AI stocks are a bet on the future. Markets are ignoring the now.
Subscribe to enjoy similar stories. The case for the artificial-intelligence trade is the technology is so revolutionary that eventually it will be well worth the trillions that have been invested to develop it. But that argument means many investors don’t bother to distinguish between AI-related companies with solid fundamentals and those on shakier ground.
In reality, the shares of most AI winners have traded on hopes for the far-flung future during this bull market, rather than the here, now, or near future, notes Trivariate Research President Adam Parker. That’s based on his work dating back to early 2023. As Parker details in a note Friday, his firm created three baskets of AI plays back then—10 semiconductor stocks, 19 software, and 20 “other" companies, which included a mix of names like Amazon.com, Dell Technologies, and Snowflake.
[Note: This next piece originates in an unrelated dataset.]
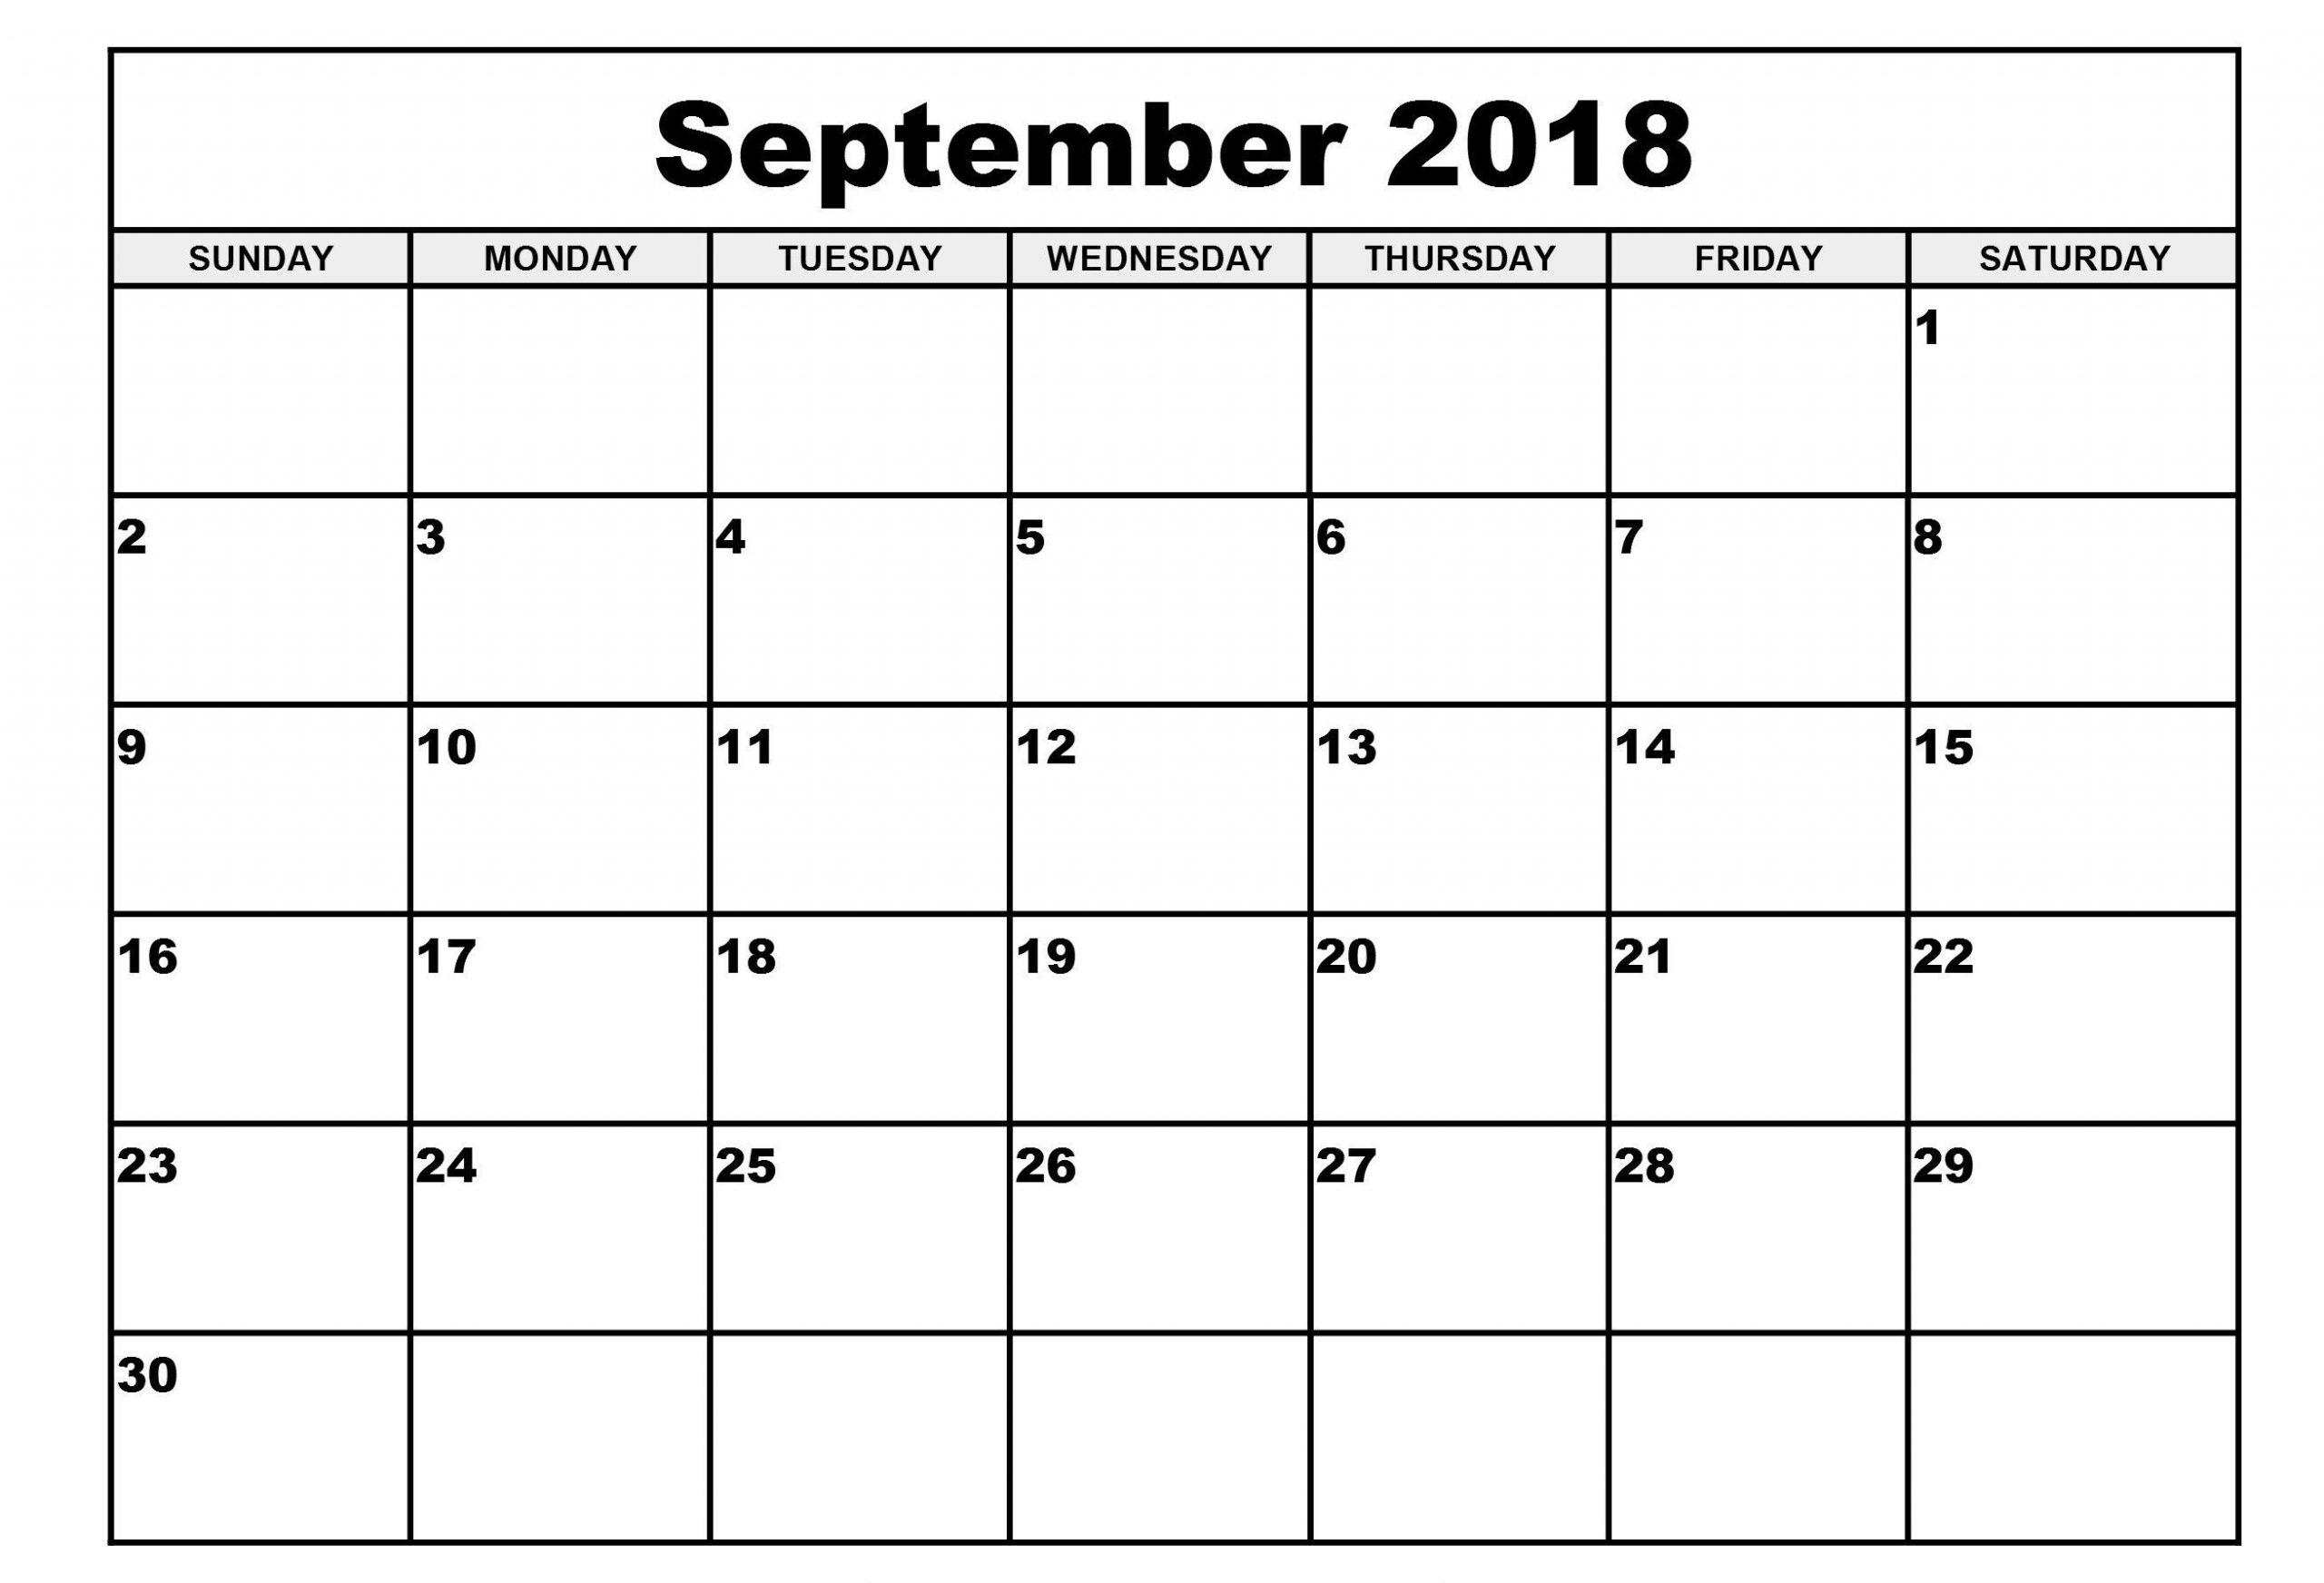 September 2018 Calendar Spanish Word Excel Pdf | Calendar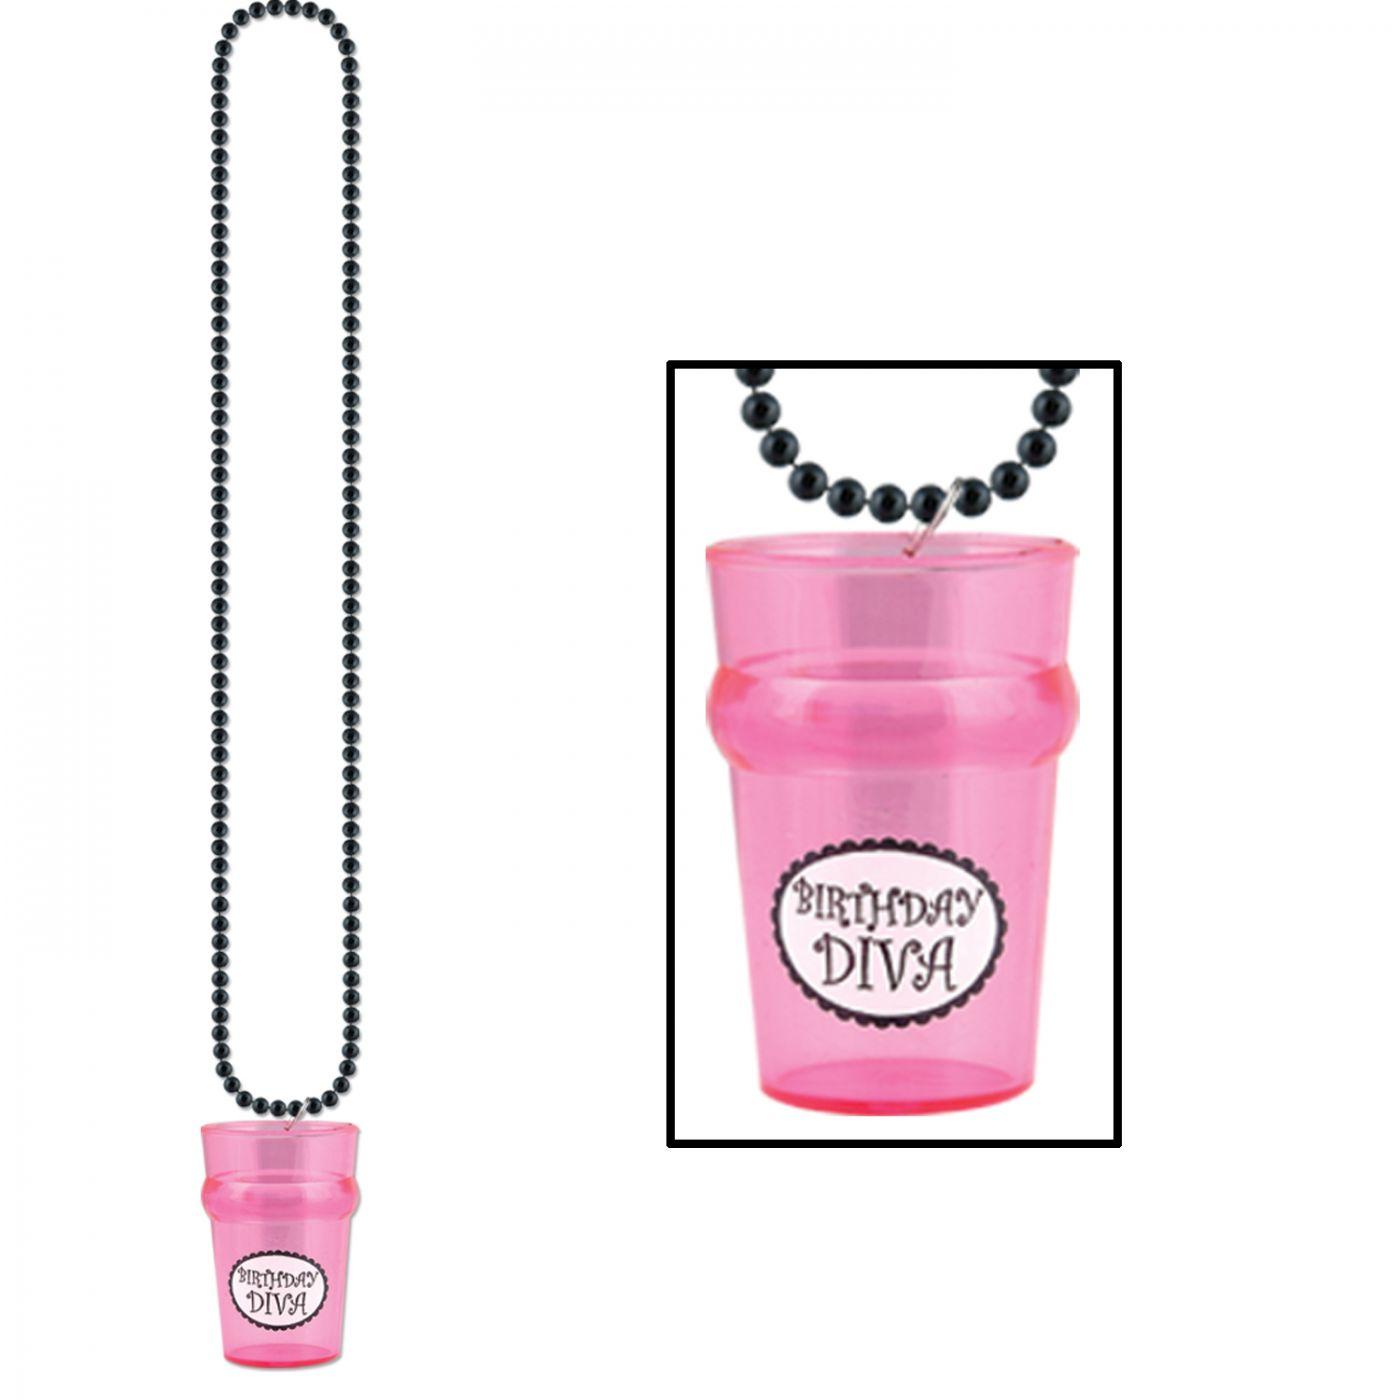 Beads w/Birthday Diva Glass image

Those baskets were then further divided into companies with high, low, and negative free cash flow. After tracking these stocks, Parker found that the market doesn’t care about free cash flow. The stocks in the “other" group have a median FCF yield—free cash flow as a percentage of firm’s market value—of 4.3%, well above the rest of the market.
Meanwhile, semiconductor companies now have significantly less FCF than those in other categories, yielding a paltry 1.7%. And yet semiconductor stocks have outperformed, as the clear winning group since the White House shook markets with its widespread tariffs announcement back in April. In other words, AI believers aren’t paying attention to free cash flow yield, a valuable metric to gauge a company’s current performance.